Я думаю, что таким истинно человеческим качеством может быть лишь наша разумность. А если это так, то священность каждой человеческой жизни связана с развитием и работой неокортекса. Чтобы считать данное существо человеком, мы не вправе требовать, чтобы новая кора была у него развита полностью, поскольку это происходит лишь спустя многие годы после рождения. Но, быть может, допустимо считать становлением человека тот момент, когда электроэнцефалограмма плода покажет, что новая кора начала функционировать. Некоторые соображения о том, когда именно наш мозг приобретает истинно человеческий характер, следуют из простейших наблюдений за развитием зародыша (рис. 19). В этой области пока еще было сделано немного, и мне кажется, что такие исследования могли бы сыграть важную роль в выработке взаимоприемлемого компромисса между противоборствующими сторонами в спорах о допустимости прерывания беременности. Вне сомнения, у разных зародышей первый сигнал ЭЭГ о начале работы новой коры будет появляться в разное время, и потому имеющее силу закона определение начала истинно человеческой жизни должно учитывать этот факт — иными словами, следует принять за основу самое раннее возможное проявление такой активности мозга. Вероятно, момент этот будет соответствовать концу первой или началу второй трети беременности. (Речь здесь идет лишь о том, что должно быть запрещено законом во всяком разумном обществе; тех же, кто считает, что уничтожение зародыша на еще более ранней стадии все равно является убийством, нельзя официальным образом принуждать к совершению такого аборта или к одобрению его.)
Рис. 19. Эмбриональное развитие человеческого мозга: А — три недели беременности; В — семь недель; С — четыре месяца и D — новорожденный ребенок. Мозг зародыша, изображенный на рисунках А и В, сильно напоминает соответственно мозг рыбы и амфибии
Но последовательное применение подобных идей не должно содержать в себе человеческого шовинизма. Если существуют другие организмы, обладающие разумностью, сравнимой с той, что имеют умственно недоразвитые, но вполне оформившиеся человеческие существа, они должны подпадать под тот же запрет на уничтожение, что распространяется на человеческие зародыши в последней стадии их утробного развития. Поскольку имеются достаточно убедительные свидетельства о разумности дельфинов, китов и обезьян, я полагаю, что всякое последовательное применение моральных принципов, предложенных для решения вопросов об абортах, должно привести к запрещению — во всяком случае бездумного — уничтожения этих животных.

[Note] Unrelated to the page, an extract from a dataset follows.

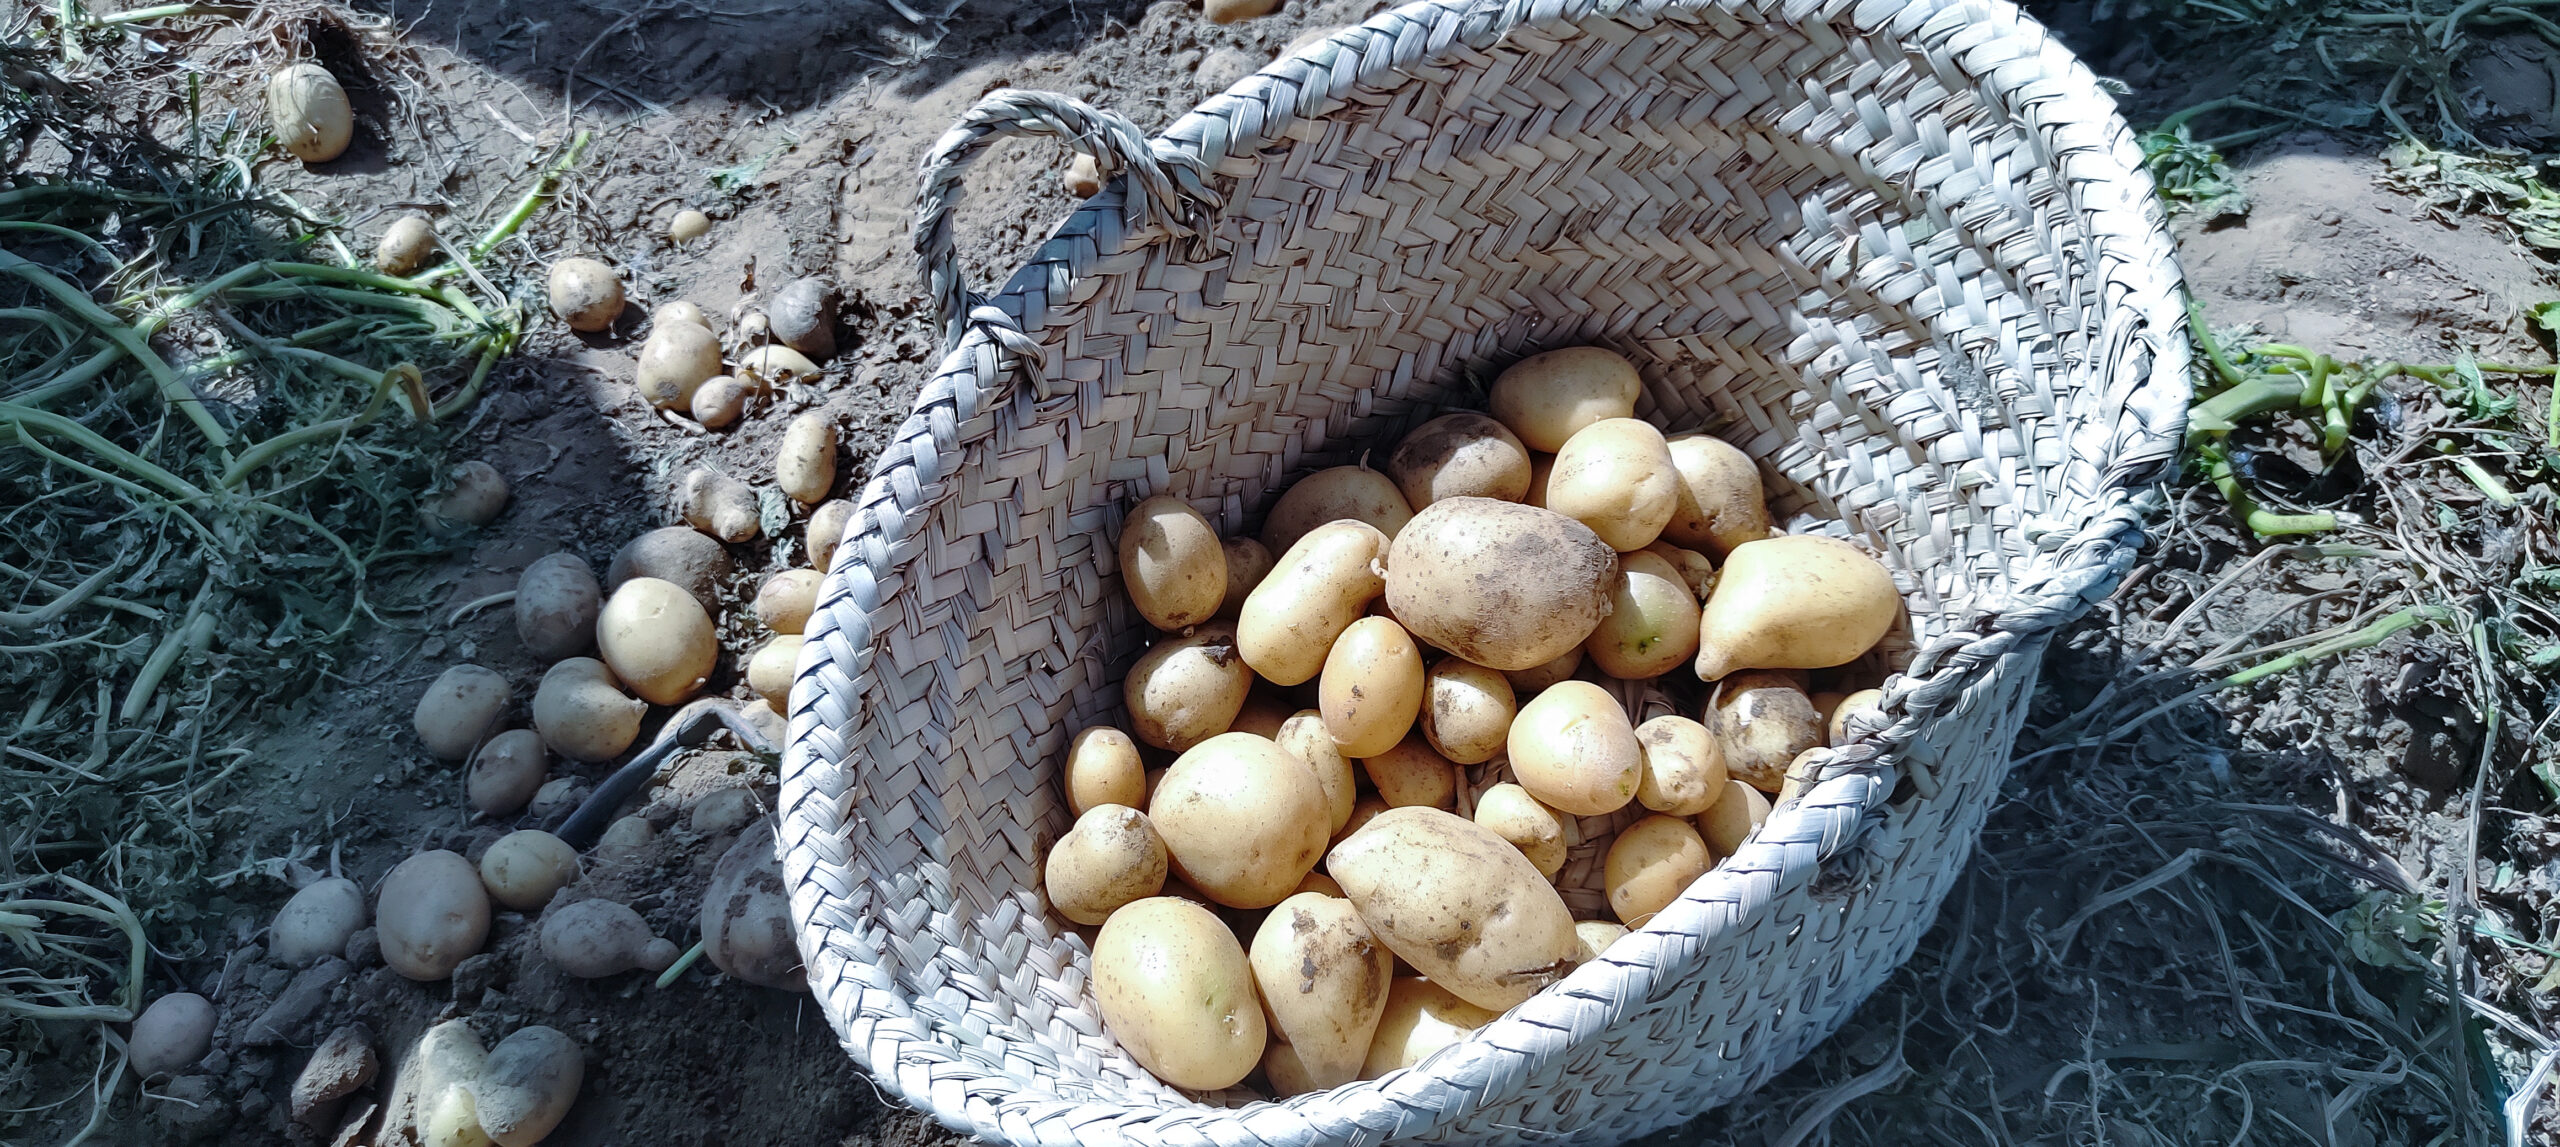 A woven basket filled with freshly harvested potatoes sits on the ground among scattered potatoes and plants.

Но окончательное решение дискуссии об абортах лежит, как мне кажется, в изучении момента начала работы неокортекса на самых ранних стадиях развития человека.
Что же можно сказать о грядущей эволюции человеческого мозга? Существует большое и увеличивающееся число свидетельств того, что многие формы умственных расстройств являются результатом химических или наследственных повреждений мозга. Поскольку многие умственные заболевания имеют одинаковые симптомы, причины их возникновения тоже могут быть одинаковыми, и, стало быть, лечить их можно тоже одинаковыми средствами.
Известный своими пионерскими исследованиями английский невролог Хаглингс Джексон писал: «Познайте сны, и вы познаете безумие». Люди, страдающие жестокой бессонницей, часто подвержены дневным галлюцинациям. Шизофрения нередко сопровождается расстройством ночного сна, но не известно, есть ли это причина заболевания или его следствие. В шизофрении более всего поражает, насколько несчастны те, кто ею страдает, в каком отчаянии они обычно пребывают. Может быть, шизофрения — это то, что случается, когда драконы перестают быть надежно прикованными к ночи, когда они разрывают оковы левого полушария и вырываются на дневной свет? Другие заболевания, вероятно, являются результатом повреждений функций правого полушария. У больных, страдающих неврозом навязчивых состояний, крайне редко бывают интуитивные озарения.
В середине шестидесятых годов нашего века Лестер Гринспун и его коллеги из Гарвардской медицинской школы провели серию экспериментов, в которых участвовала и контрольная группа больных, чтобы выявить относительную эффективность различных терапевтических средств при лечении шизофрении. Поскольку Гринспун и его коллеги — психиатры, их естественные пристрастия, если таковые у них были, лежали в сфере использования словесного внушения, а не фармакологии. Но, к своему удивлению, они обнаружили, что недавно полученный транквилизатор тиоридазин (один из группы примерно одинаково эффективных противопсихотических препаратов, известных под названием фенотиазинов) сильно облегчает течение болезни, если не излечивает ее совсем; выяснилось, что один лишь тиоридазин, по свидетельству пациентов, их родственников и врачей, так же действен, как тиоридазин плюс психотерапия. Единодушие экспериментаторов перед лицом такого неожиданного открытия поистине поразительно. (Трудно вообразить эксперимент, способный убедить ведущих представителей тех или иных политических или религиозных взглядов в превосходстве концепций их оппонентов.)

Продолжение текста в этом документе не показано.